Когда синьор Гвидобальдо да Монтефельтро, герцог Урбинский2, покинул этот мир, я вместе с некоторыми другими рыцарями, ему служившими, остался на службе у герцога Франческо Мария делла Ровере3, его преемника в государственном правлении по праву наследства, и поскольку в душе моей еще живо было благоухание добродетелей герцога Гвидобальдо и то удовольствие, которое доставило мне в его дни дружеское общение со столь превосходными людьми, обретавшимися тогда при урбинском дворе, память о том побудила меня написать эти «Книги о Придворном»4, что я и сделал в течение немногих дней, намереваясь со временем исправить огрехи, порожденные стремлением поскорее уплатить долг памяти. Но долгие годы фортуна беспрерывно держала меня под гнетом столь тяжелых испытаний, что я вовсе не имел возможности довести книги до такого состояния, чтобы мой несовершенный вкус остался ими удовлетворен.
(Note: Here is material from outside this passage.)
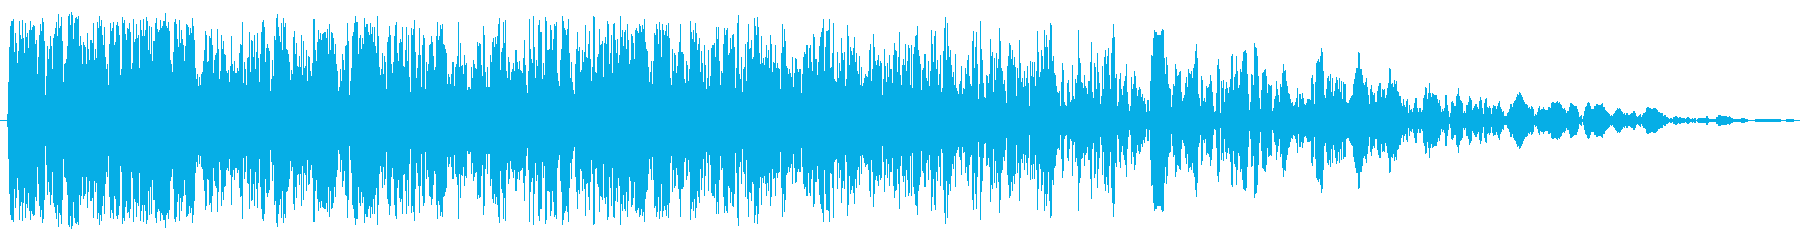 重いクランチの影響の再生済みの波形

Когда же я находился в Испании и из Италии мне сообщили, что синьора Виттория Колонна, маркиза Пескары5, для которой я прежде сделал копию книги, нарушила данное мне обещание, отдав ее значительную часть в переписку, — [то] я не мог не почувствовать некоторое беспокойство, опасаясь многих неприятностей, которые в подобных случаях могут произойти, и тем не менее, веря, что у этой дамы, чьи добродетели я всегда чтил как нечто божественное, достанет разума и осмотрительности на то, чтобы я не понес какого-либо ущерба, подчинившись ее пожеланиям. Наконец, я узнал, что упомянутая часть книги ходит в Неаполе по рукам многих, и, поскольку люди всегда жадны до новинок, подумал, что кто-нибудь попытается ее напечатать. Встревоженный такой опасностью, я решился наскоро поправить в книге то немногое, что позволяло время, с намерением ее скорее опубликовать, считая меньшим злом увидеть ее мало исправленной собственной рукой, нежели сплошь истерзанной чужими.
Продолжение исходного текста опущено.